THE REEL REVIEW: Modern teen movie sweet, predictable

"Nick and Norah's Infinite Playlist" brings the John Hughes' teen comedy/romance into 2008. Like the classic films, "The Breakfast Club" and "Sixteen Candles," awkward teenage love is established during a single wild day, and the characters learn a hell of a lot about themselves along the way with the obligatory indie-rock soundtrack playing throughout the whole ride. Director Peter Sollett takes on the screenplay by Lorene Scafaria (based on the beloved novel of the same name) that centers around --¡ guess who -¡- two lost teenaged souls named Nick and Norah. They are interesting, modern and entertaining characters.
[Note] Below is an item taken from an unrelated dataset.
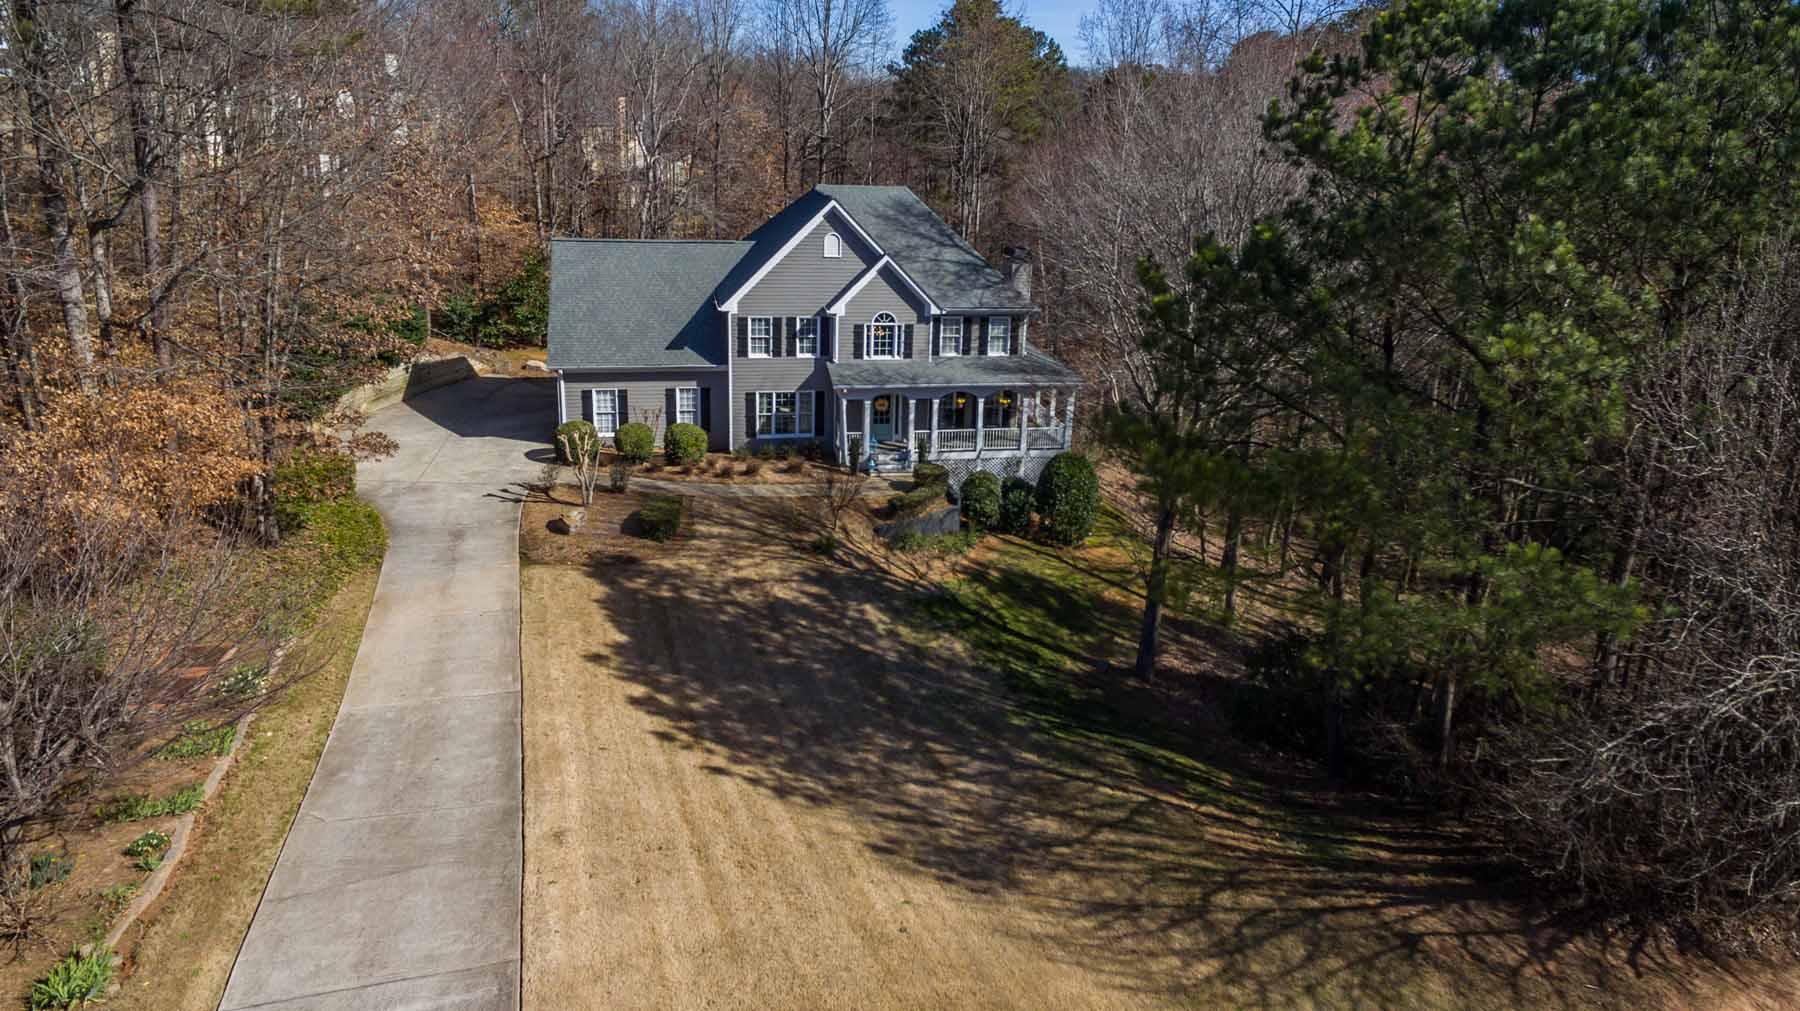 Single Family Home for Sale at Fabulous Farmhouse in South Forsyth 3130 English Oak Drive Cumming, Georgia, 30041 United States
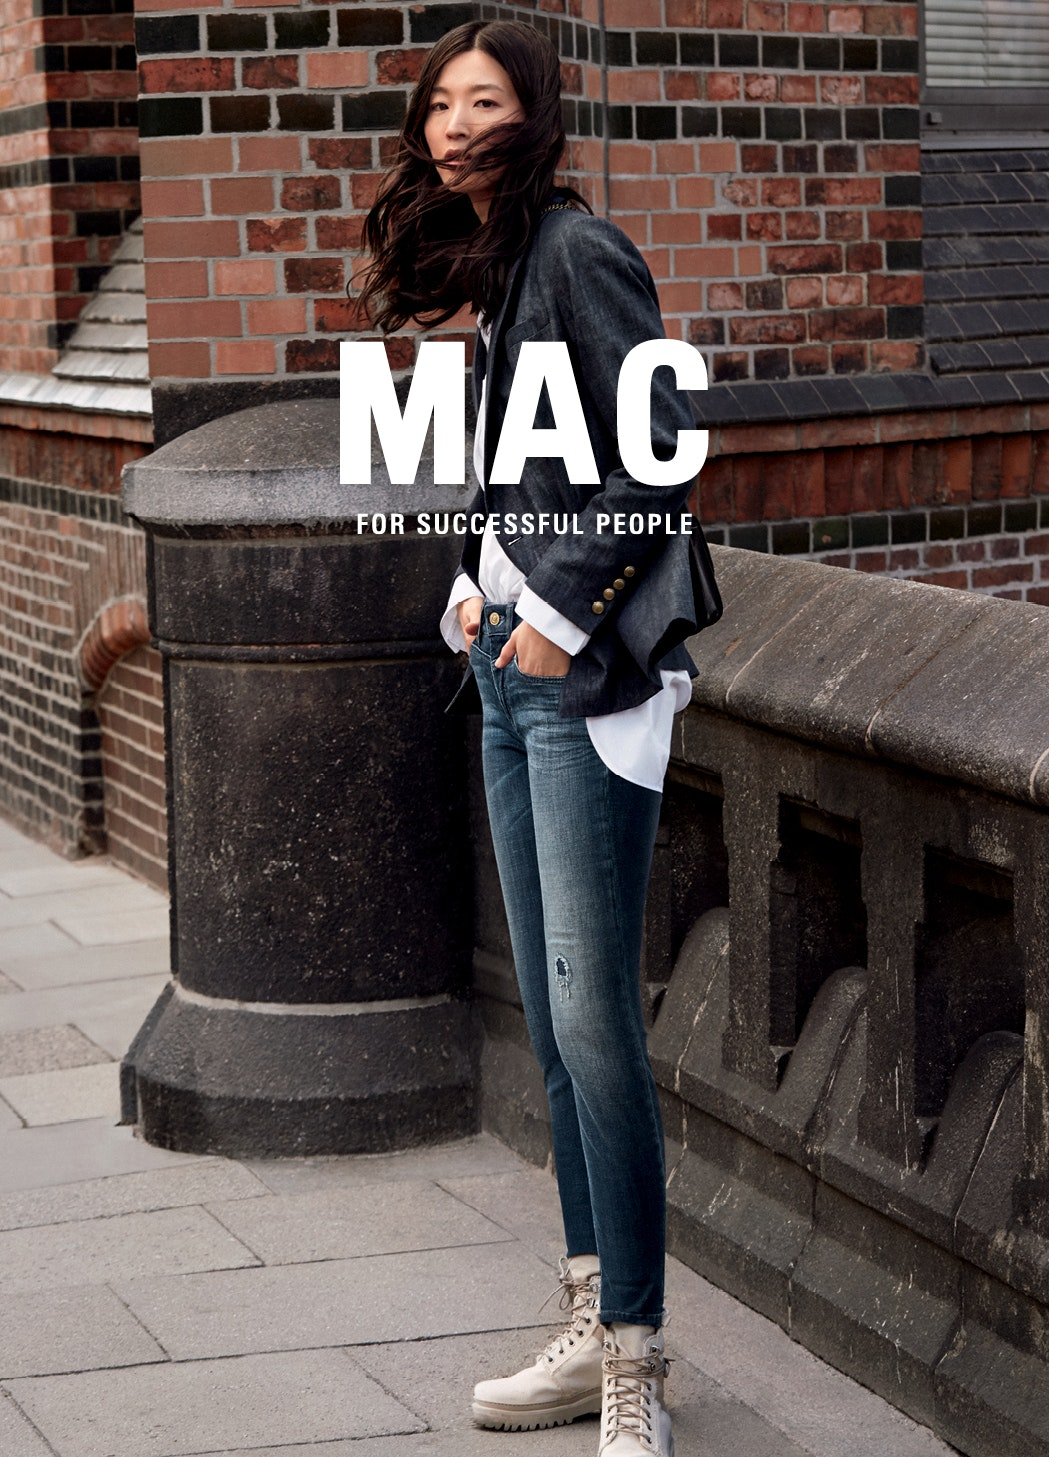 MAC_fall_winter_2020_large_MAC_Kampagne-

Meet Nick O'Leary (Michael Cera): Nick is a broken-hearted musician who serves as the only straight guy in a "queercore" band. He's still hung up on his trashy, controlling ex-girlfriend, Tris (Alexis Dziena), for whom, by the beginning of the film, he has made 12 mixed CDs since their breakup (which apparently went down on his "b-day").

Meet Norah Silverberg (Kat Dennings): Norah is a major music lover whose dad just happens to be a major recording studio owner. Norah is a smart-mouthed but nurturing bombshell who can't seem to make a real connection with a boy.

When Nick, Norah, Tris and Norah's gloriously drunk friend Caroline (Ari Graynor) run into each other at music club, feelings get hurt, egos are bruised and Norah - in an act of desperation asks Nick a fateful question: "Will you be my boyfriend for five minutes?" Thus begins a rather long and crazy night in Manhattan that includes a wild goose chase with Nick and Norah's favorite band "Where's Fluffy?" and Caroline, who takes off barfing all over the city. Graynor rocks as Caroline and gives probably the most hilarious, honest and lovable performance ever of a drunk chick.

Nick and Norah predictably deal with their exes, contemplate their futures, bond, fight and fall in love during their adventures. The movie gets a bit cliché at times, which is its biggest flaw. But the contemporary dialogue and truthful portrayals of the 18- to 20-year-old age group make the movie something special. It's a hipster version of "Superbad" without the gross-out comedy. An R-rating seemed to be something this movie desperately wanted and probably should've received. Thanks to the unfortunate PG-13 rating, bad language is minimal and sex is merely fully clothed, heavy breathing. It can make the audience feel slightly cheated, but it is enjoyable nonetheless.

The actors in the film are spot-on, specifically the infinitely cute Cera and Dennings. Cera continues to build his image as the thinking girl's heartthrob with his bone-dry wit and adorable shyness. Anything Cera does is worth watching because of - what this writer likes to call his "Cera-isms." For example, when Norah worries about Caroline getting sexually assaulted in the van with Nick's band members, Cera (as Nick) responds in uncomfortable seriousness: "Yeah, they're gay ... gay every day, all the time. If somebody's going to get raped in that van tonight ... it will be a guy." Totally worth the price of admission.

Dennings, however, is the star of the show. She is beautiful, sarcastic, powerful and vulnerable all at the same time - she is impossible not to fall in love with. She garners more laughs than Cera, and that is saying something. Her naturalism and too-cool-for-you quips are the best parts of the movie. Cera and Dennings are perfectly cast and have biting chemistry.

It bares mentioning that the actors who play Nick's band members (Aaron Yoo, Rafi Gavron) and their new love interest, Lethario (Jonathon B. Wright), wonderfully portray honest and substantial gay men. They are not the stereotypical lisping, hyperactive gay sidekicks who are used for comic relief, but rather wise and compassionate friends of Nick who happen to be gay. Scafaria and Sollett deserve major props for breaking down such an irritating and unrealistic movie tradition.

"Nick and Norah's Infinite Playlist" is a sweet movie with a sharp, modern outlook on teenage love. Like every single end to a 1980s Hughes teen romp, we can all guess how this movie ends, but it is always fun to be a part of the journey.